Exercise objective = Would you transcribe the listing exactly as it stands, minus any images?

Recorded data =
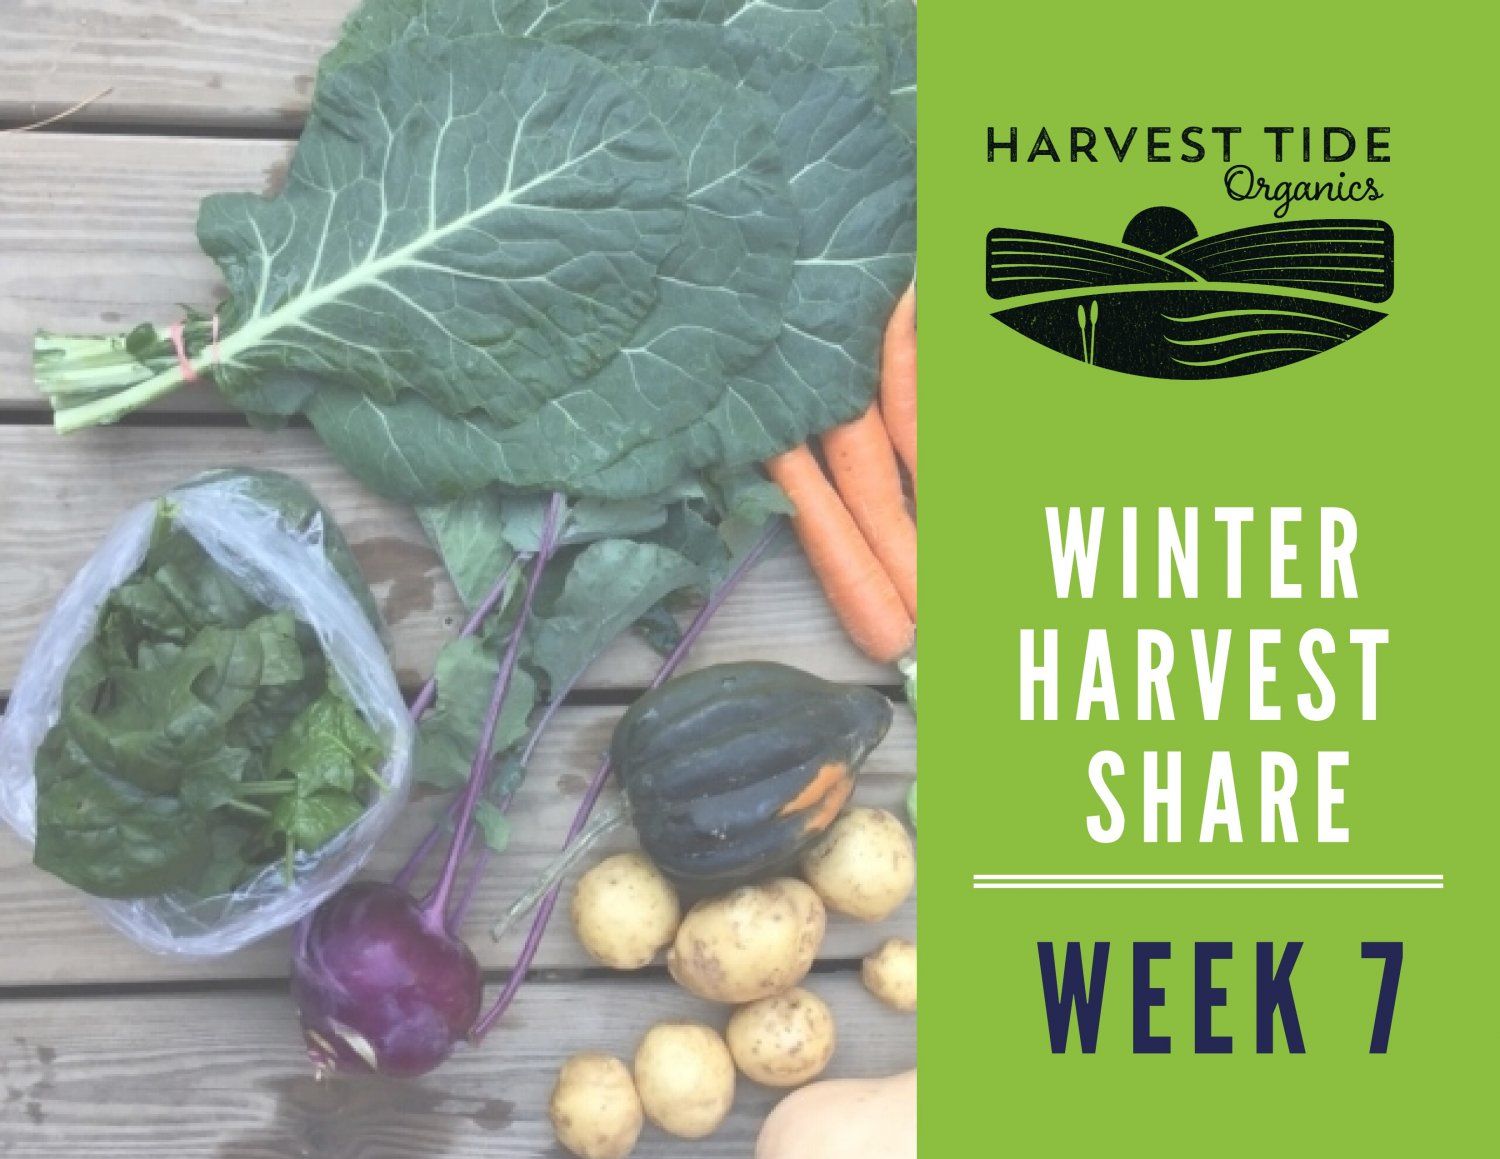 Next Happening: Winter Harvest Share - Week 7
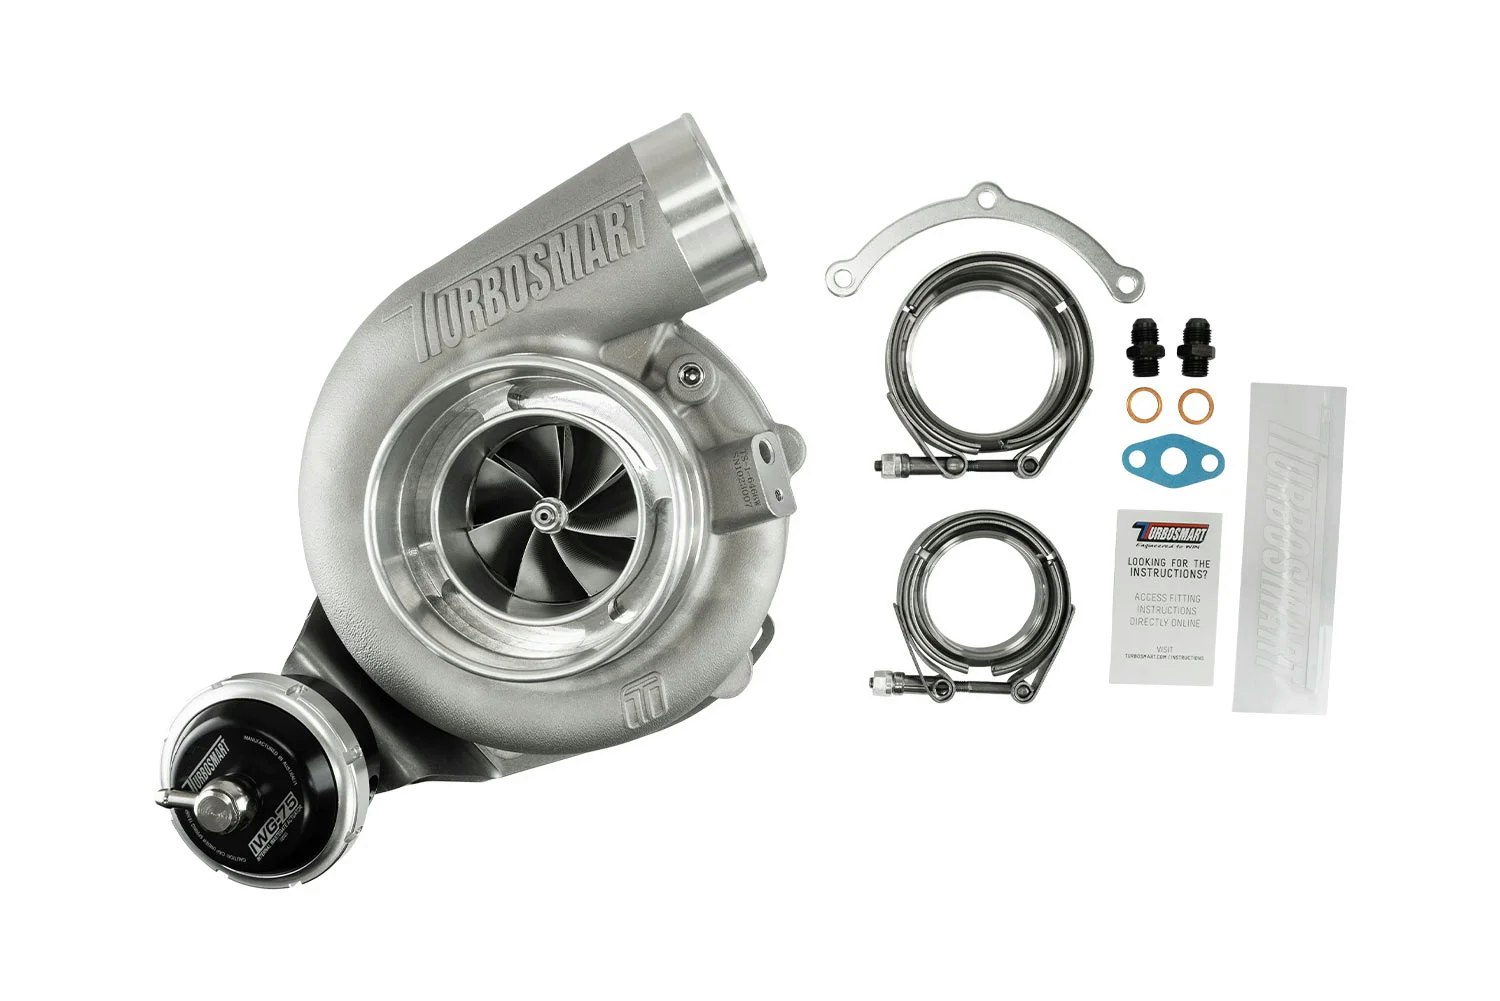 Turbosmart turbocharger 6262 V-Band/V-Band - internal wastegate, IWG75
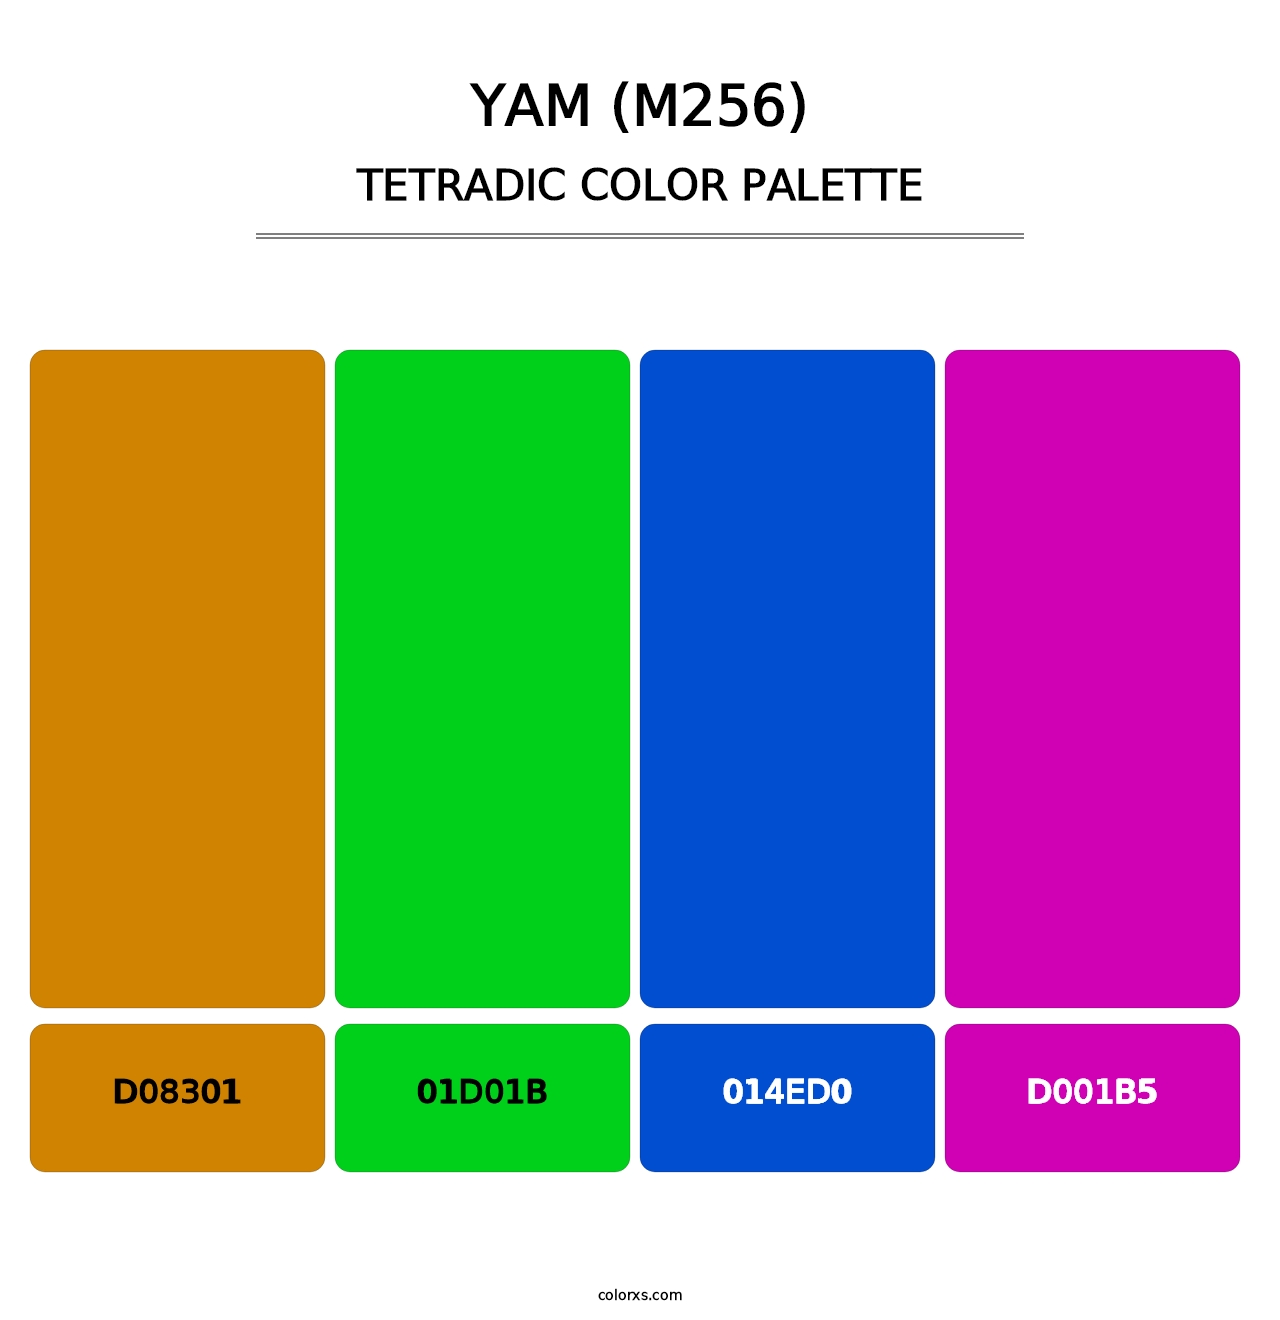 Yam (M256) - Tetradic Color Palette
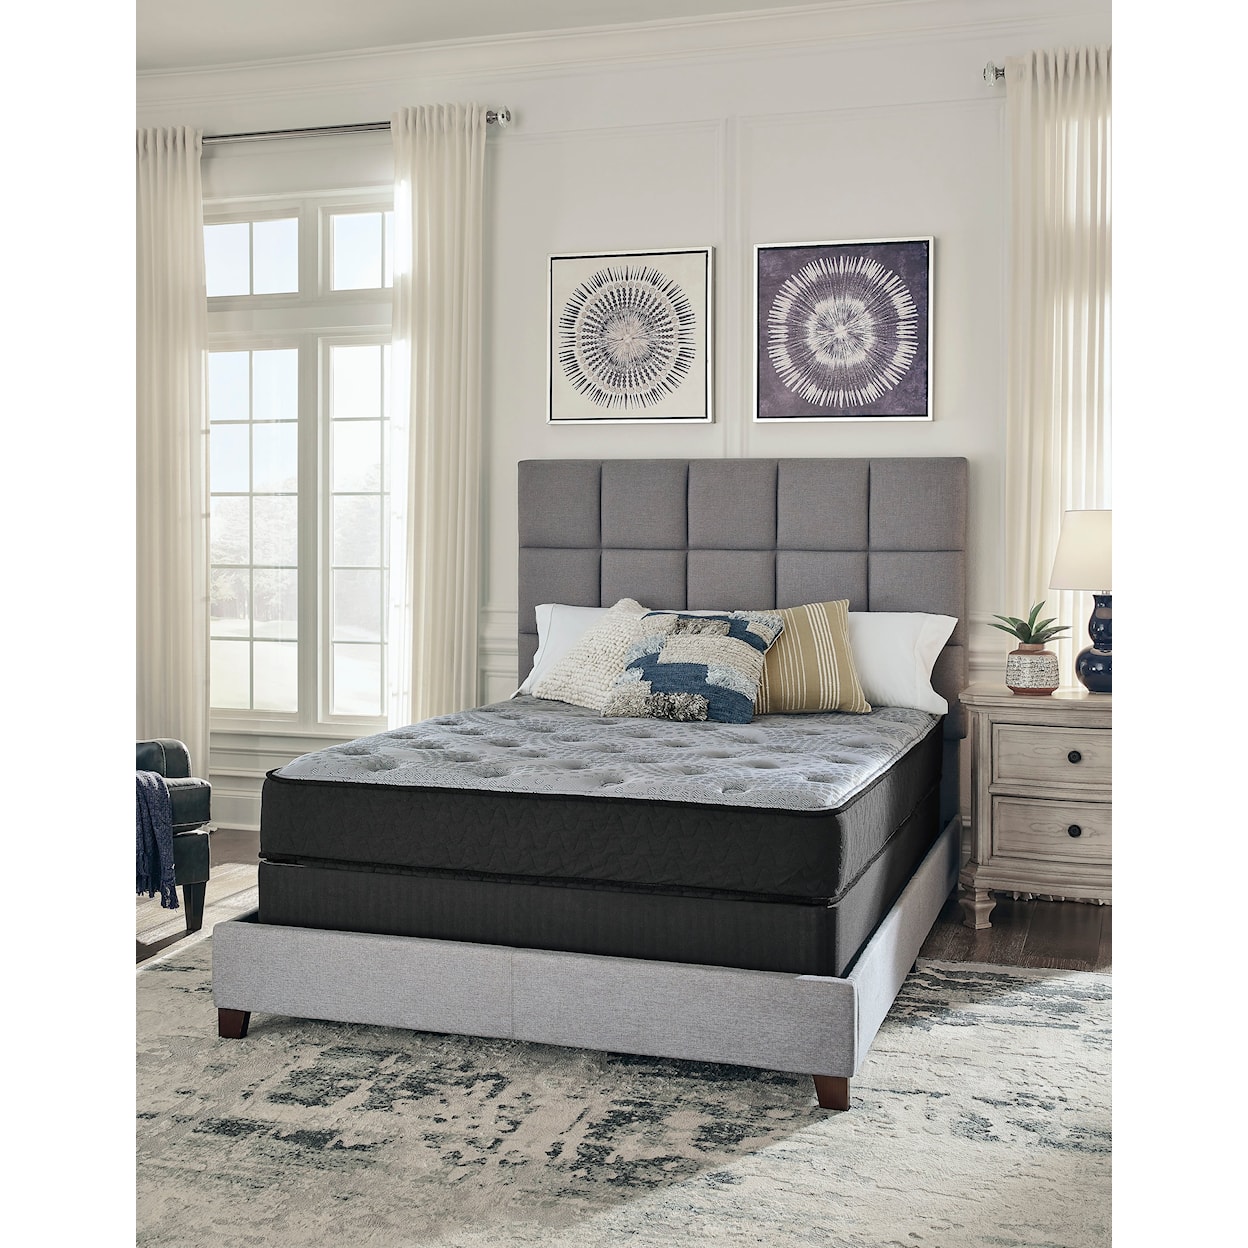 Sierra Sleep Comfort Plus Comfort Plus Twin Mattress

Expected output =
 Next Happening: Winter Harvest Share - Week 7
 Turbosmart turbocharger 6262 V-Band/V-Band - internal wastegate, IWG75
 Yam (M256) - Tetradic Color Palette
 Sierra Sleep Comfort Plus Comfort Plus Twin Mattress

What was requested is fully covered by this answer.